Serverless Machine Learning Inference with OCI Functions on Kubernetes

Question

Pulumi · Accepted Answer

Serverless computing is a cloud computing execution model where the cloud provider manages the infrastructure and dynamically allocates resources based on incoming requests. Oracle Cloud Infrastructure (OCI) Functions is a serverless platform that lets you run code without managing infrastructure. It's typically used for executing short-lived functions in response to triggers such as HTTP requests.

To create a serverless machine learning inference on Kubernetes with OCI, you will use several resources:

1. **OCI Functions Application**: A logical grouping of functions within OCI. This is akin to a project that holds related functions together.
2. **OCI Functions Function**: Each function within the application is a piece of code that performs a specific task. This is where you'd deploy your machine learning model inference code.
3. **OCI ApiGateway**: To expose the function via HTTP so that it can be triggered over the internet, using an API gateway is the standard approach.

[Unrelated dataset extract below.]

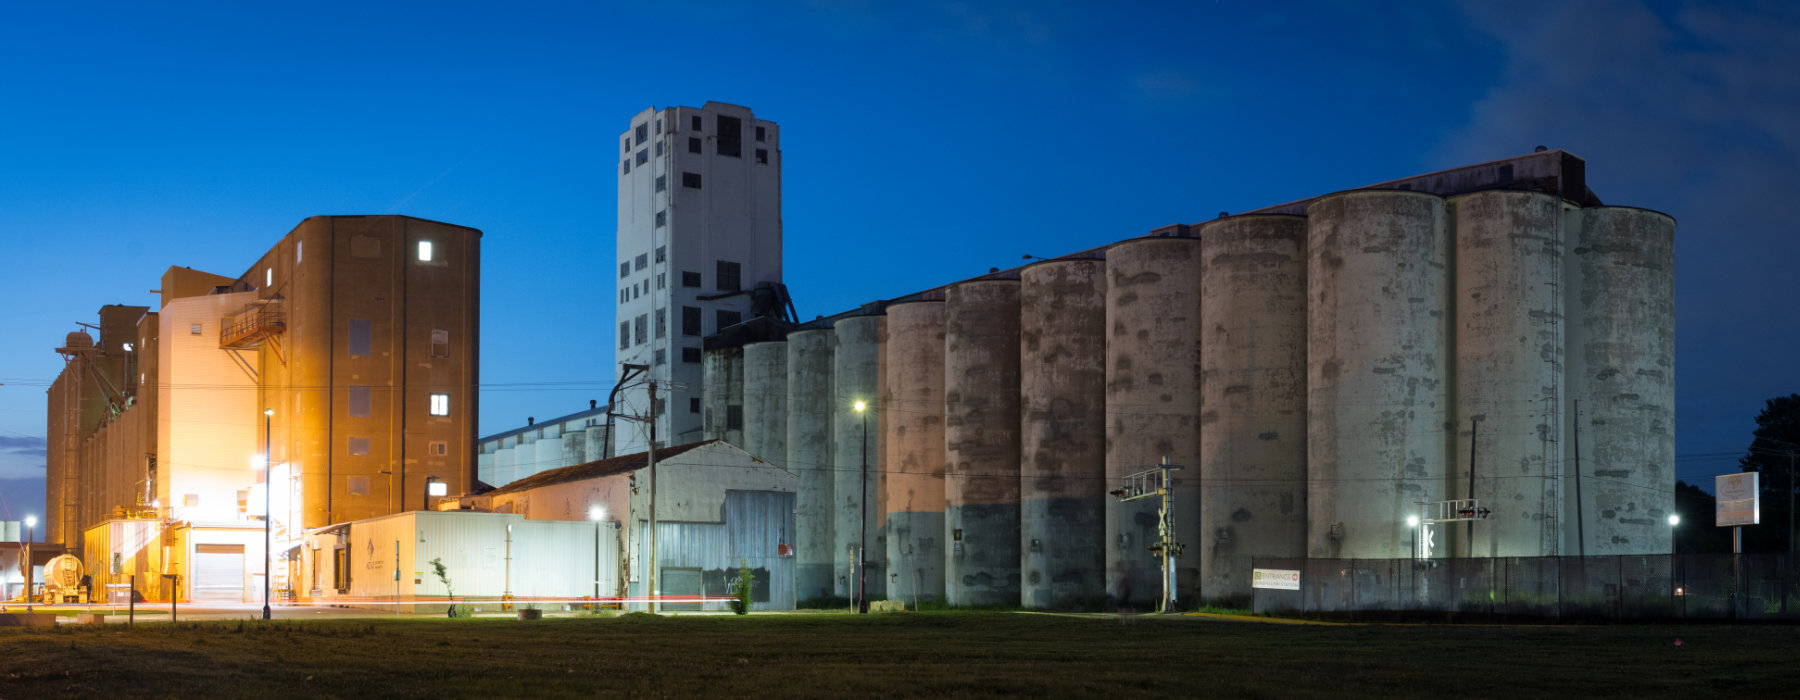 wide angle view of long row of grain elevators with a tall tower in the middle with deep blue sky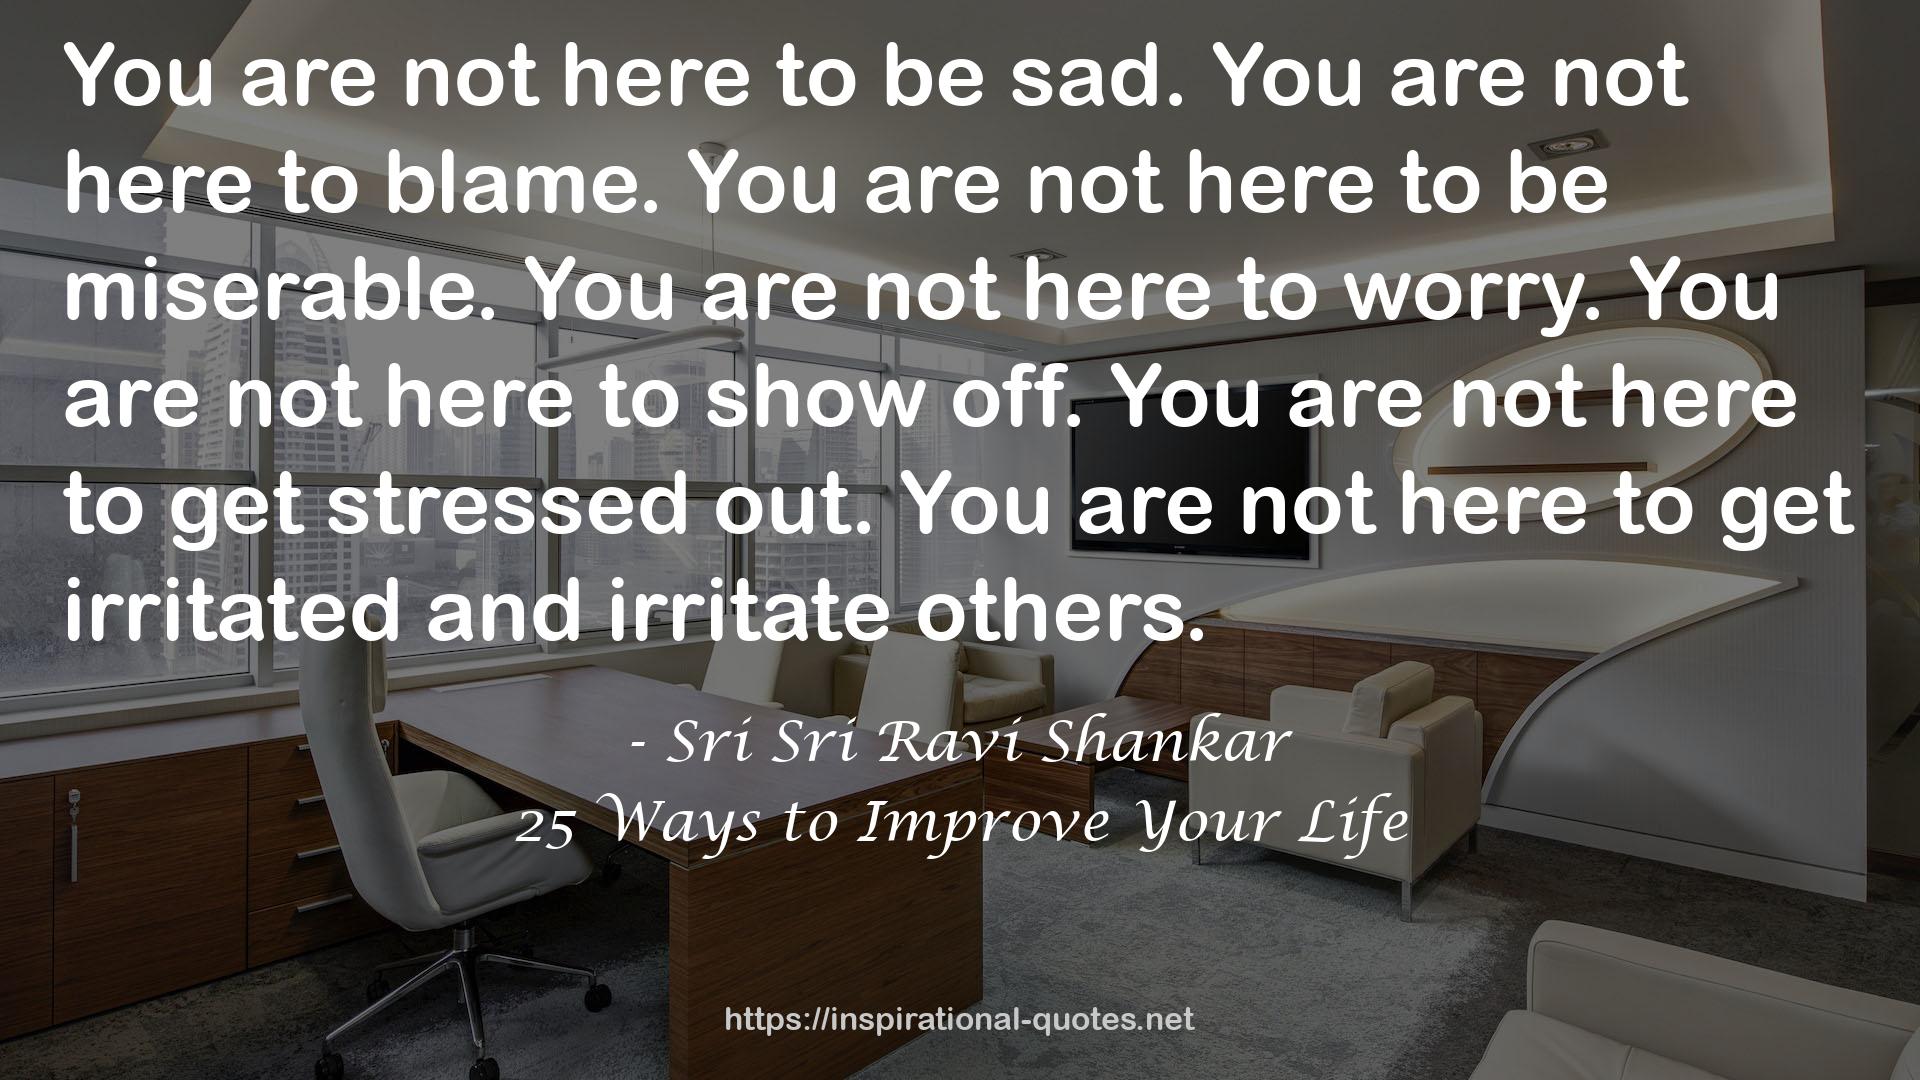 25 Ways to Improve Your Life QUOTES

Here's a Python program that automates the setup of these resources using Pulumi. This program does not deploy a specific machine learning model but sets up the infrastructure required to deploy such a model. You would need to provide the Docker image containing your serverless function code and any additional configurations specific to your use case.

```python
import pulumi_oci as oci

# Configuration variables for the function application and function deployment
compartment_id = 'ocid1.compartment.oc1..your_compartment_id'  # Replace with your compartment OCID
image_uri = 'your_image_uri'  # URI of the container image in OCI Registry or other registries
function_memory_in_mbs = 128  # Amount of memory in megabytes allocated to your function

# Create an Application on OCI Functions service
app = oci.functions.Application("app",
    compartment_id=compartment_id,
    display_name="my-functions-app",
    subnet_ids=["subnet_ocid1", "subnet_ocid2"],  # List of subnet OCIDs for the application
)

# Deploy a Function within the created Application
func = oci.functions.Function("func",
    application_id=app.id,
    display_name="my-model-inference-function",
    image=image_uri,
    memory_in_mbs=function_memory_in_mbs,
    timeout_in_seconds=30,  # Max function execution time
    config={
        # Environment variables can be provided here
        "MODEL_URL": "oci://bucket_name@namespace/path/to/model",
    },
)

# Exposing the function via API Gateway
# First, create the API Gateway
api_gw = oci.apigateway.Gateway("api_gw",
    compartment_id=compartment_id,
    display_name="my-api-gateway",
    is_enabled=True,
    subnet_id="subnet_ocid3",  # Replace with your Subnet OCID
)

# Define an API deployment that will route to our function
api_deployment = oci.apigateway.Deployment("api_deployment",
    compartment_id=compartment_id,
    display_name="my-api-deployment",
    gateway_id=api_gw.id,
    path_prefix="/infer",
    specification=open("api_specification.json").read(),  # API spec defined in Swagger or OpenAPI format
)

# Export the function and API Gateway URLs
pulumi.export('function_ocid', func.id)  # The OCID of the function to invoke it using the OCI SDK or CLI
pulumi.export('api_endpoint', api_deployment.endpoint_url)  # The URL to invoke the function via the API Gateway
```

In the above program:
- We create an application to hold our functions using `oci.functions.Application`.
- We define a function with a docker image containing our ML model and deployment-specific configurations.
- We create an API Gateway and define a deployment with a path prefix `/infer` that forwards requests to our function.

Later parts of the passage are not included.